#### [Try it]
Copy out the data word for word, without any of its pictures.

#### [Dataset content]
-- Opening Marker --

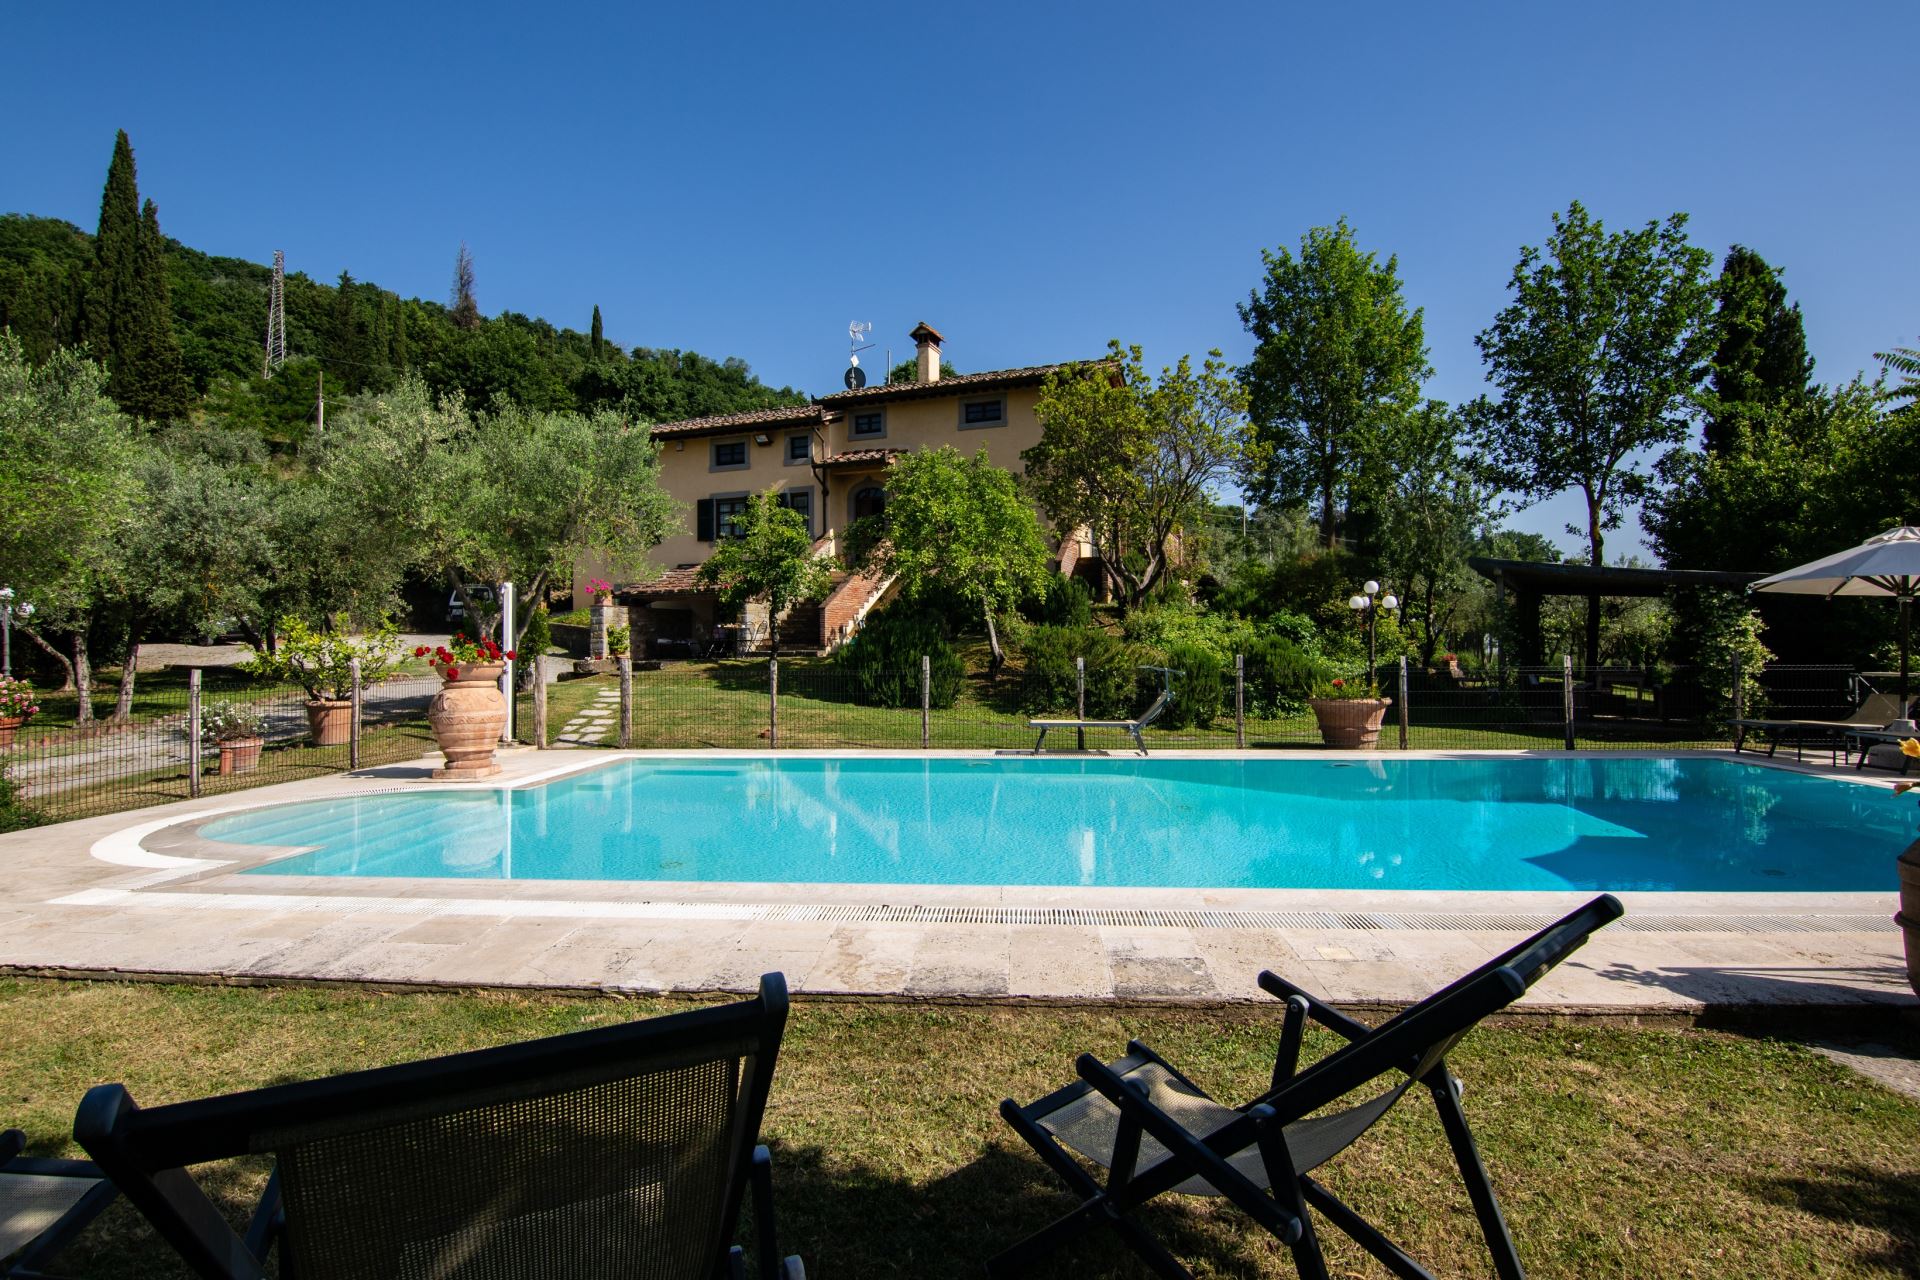 454_7f703ef_Casa Degli Ulivi, vakantiewoning met omheind prive zwembad, Toscane, Arezzo, villa (11)
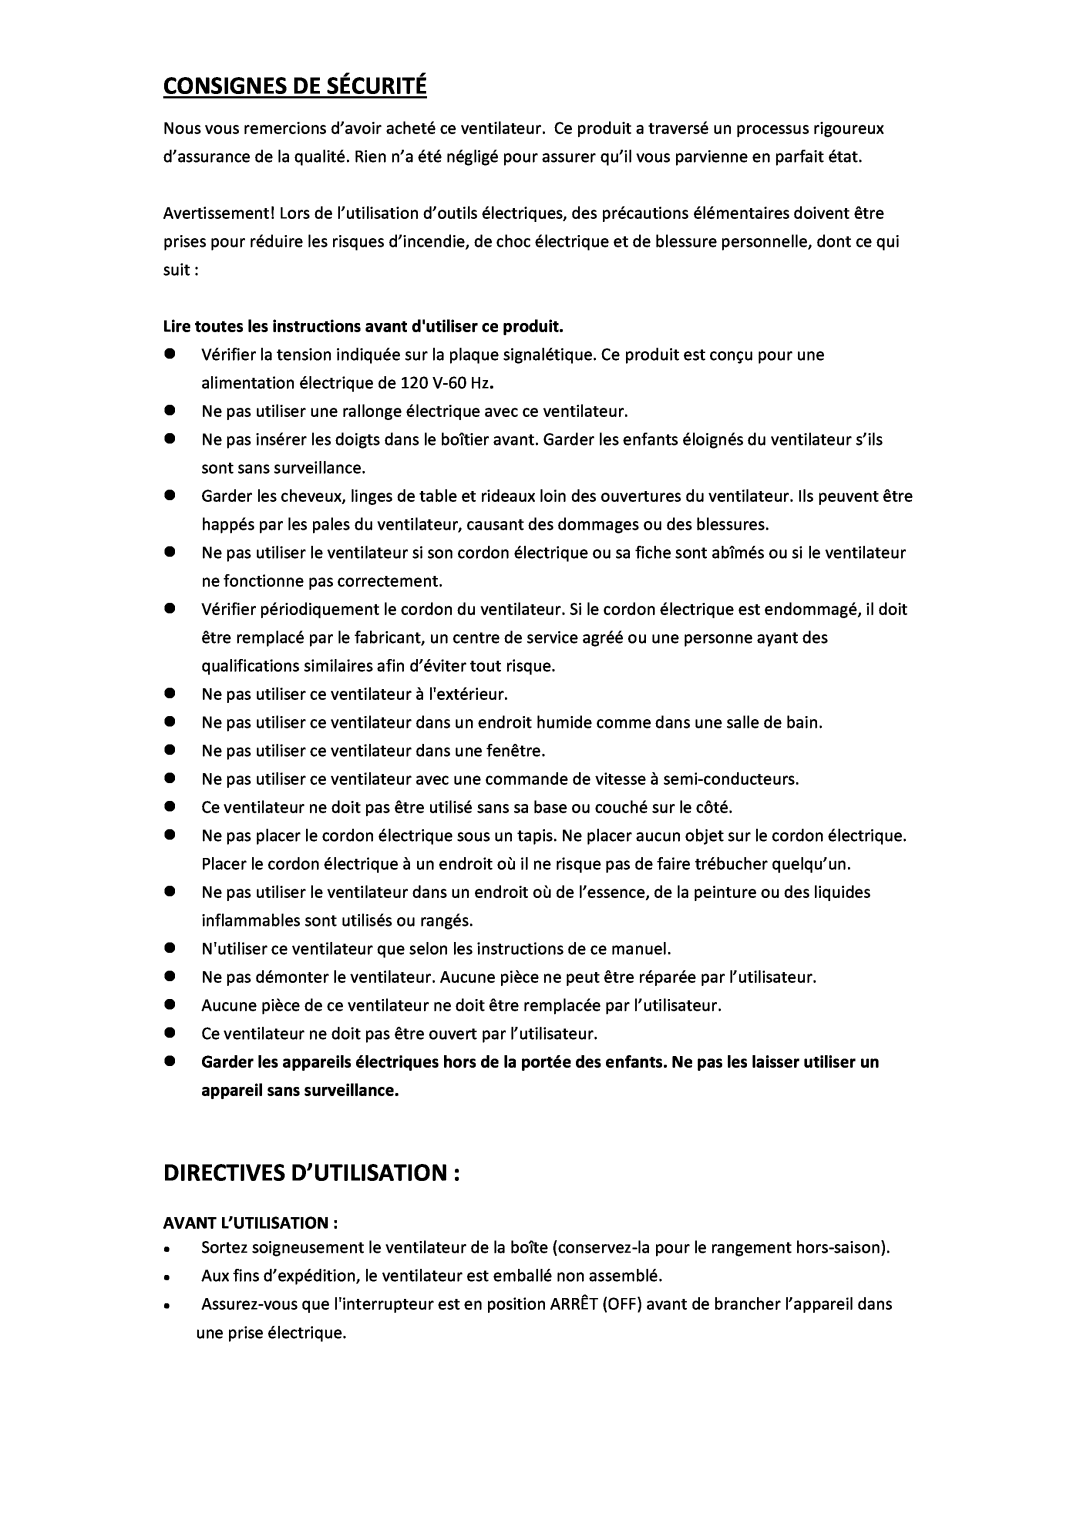 Black & Decker BDTF4200R instruction manual Consignes De Sécurité, Directives D’Utilisation, Avant L’Utilisation 
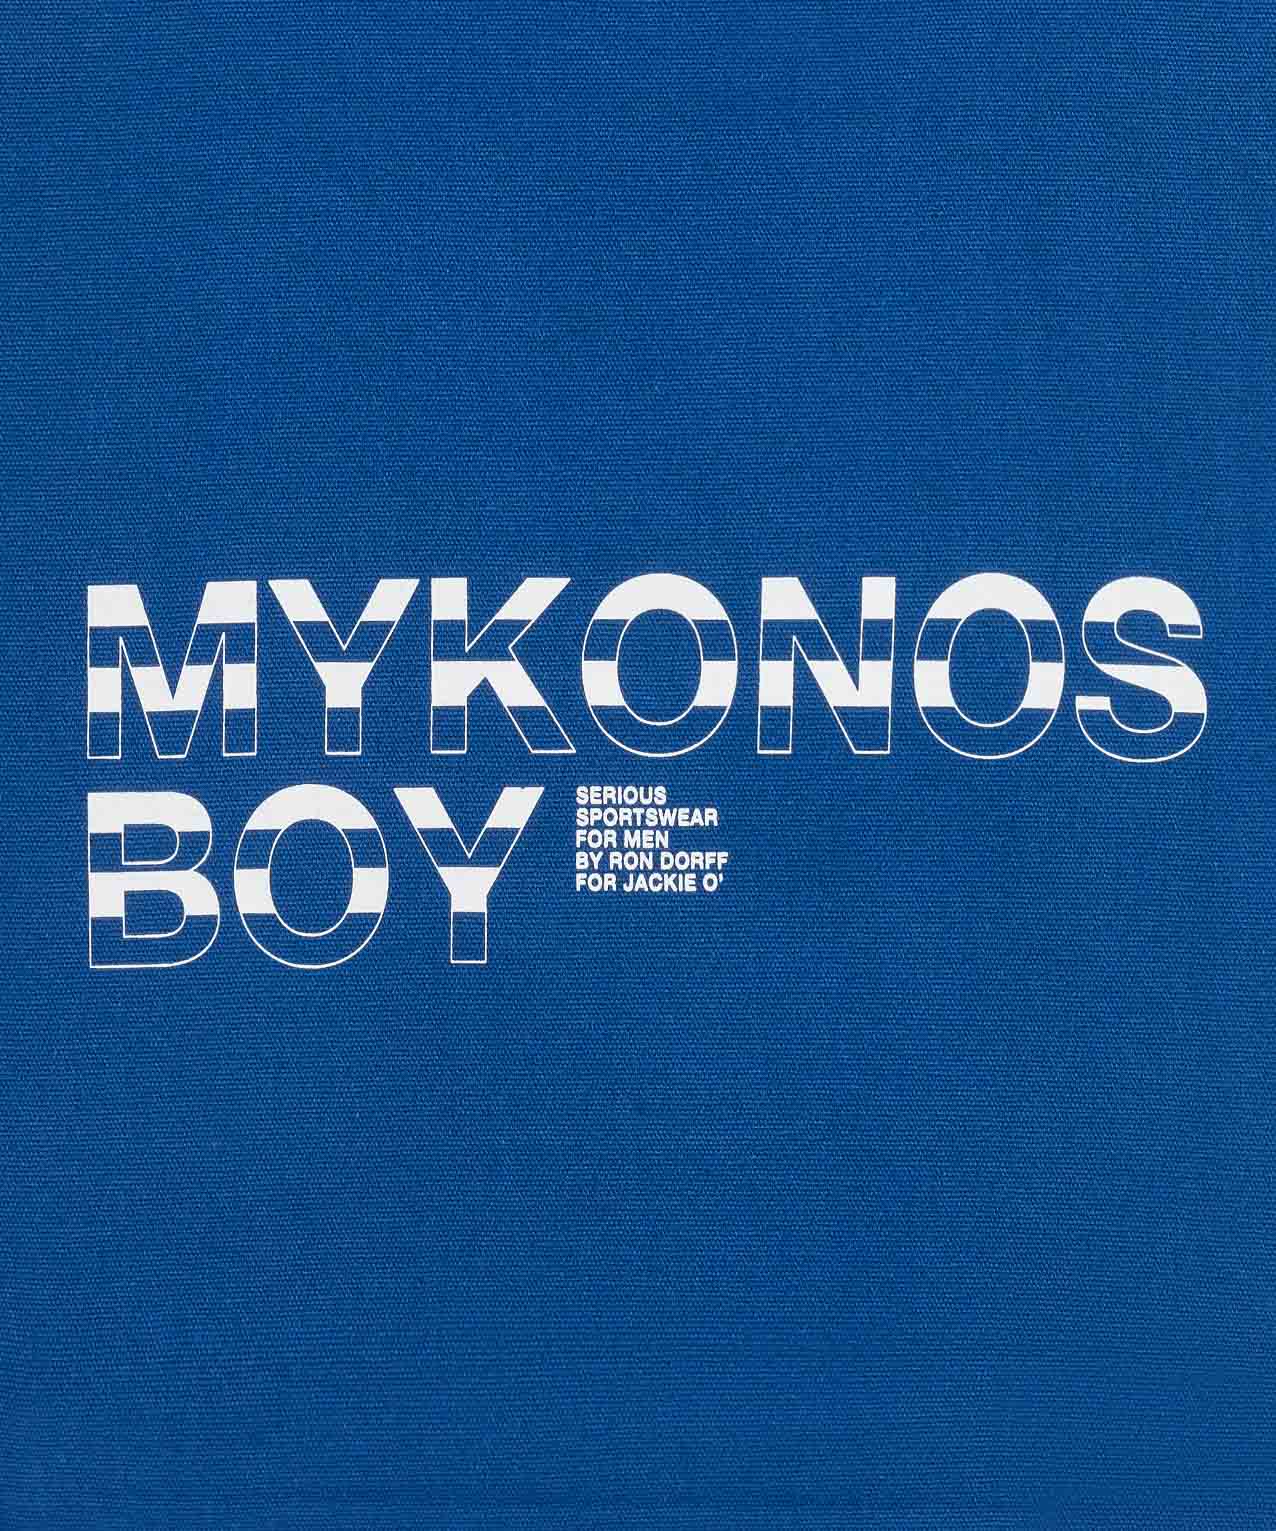 Sac en coton canevas à imprimé MYKONOS BOY: Bleu grec

-- Closing Marker --

#### [Answer box]
 454_7f703ef_Casa Degli Ulivi, vakantiewoning met omheind prive zwembad, Toscane, Arezzo, villa (11)
 Black & Decker BDTF4200R instruction manual Consignes De Sécurité, Directives D’Utilisation, Avant L’Utilisation 
 Sac en coton canevas à imprimé MYKONOS BOY: Bleu grec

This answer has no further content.